The technical failure triggered over 10,000 flight delays and over 1300 flight cancelations with hundreds of thousands of passengers across the nation affected and over $200 million of financial harm estimated by APEX.

APEX referred to as upon U.S. Department of Transportation (DOT) Secretary Pete Buttigieg to carry the federal government to the identical degree of accountability that he had demanded from airways the day previous to the FAA failure.

On Tuesday, Secretary Buttigieg acknowledged on Twitter, “We will enforce their responsibility to refund flight tickets and reimburse for alternate & ground transport, baggage costs, meals and hotels.” 

With a program for comparable authorities accountability for flight delays, funds may very well be reimbursed to prospects from the billions of tax {dollars} charged to passengers.

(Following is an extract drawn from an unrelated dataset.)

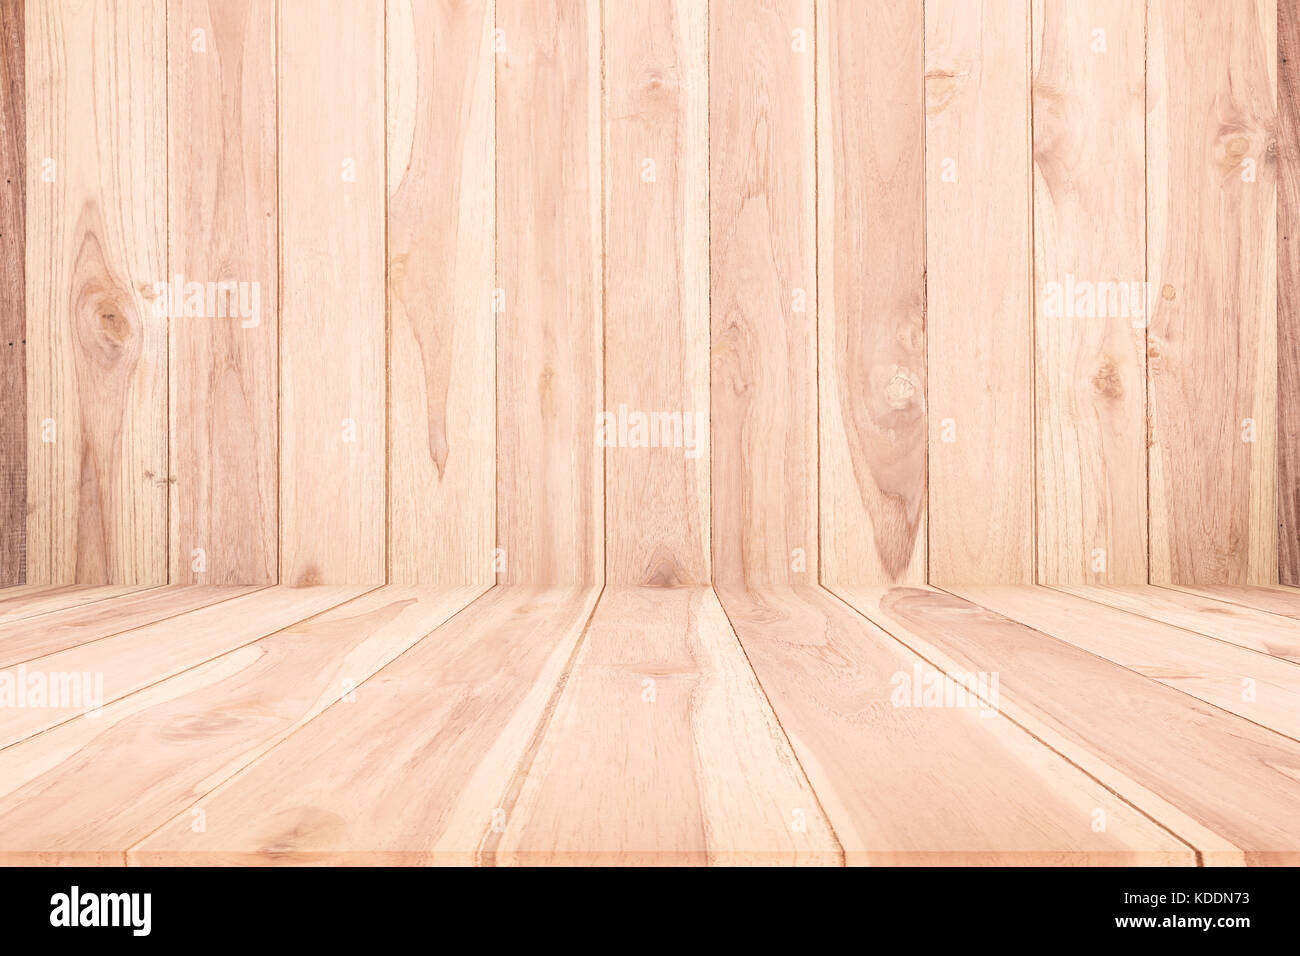 Holz Textur Hintergrund, Holzboden agent Holz Wand für Design Stockfoto

“The US government needs to rise to the same level of accountability to passengers as the airlines that have been paying hundreds of millions of dollars to protect customers for non-weather-related delays and cancellations,” APEX CEO Dr. Joe Leader acknowledged.

“Air traffic control failures happen too often. This national failure highlights a need for the US government to redirect airline taxes to practice what they preach: protect customers when it’s your fault within your control.”

APEX pointed to the FAA system failure as additional underlining the necessity for air site visitors management modernization.

In addition to additional defending passengers from failures, U.S. authorities analysis has indicated {that a} Next Generation Air Transportation System (NextGen) may cut back airline gas utilization by as much as 5% via extra fuel-efficient site visitors administration.

The replace may save billions of {dollars} yearly paid by airways and their passengers in additional environment friendly journey.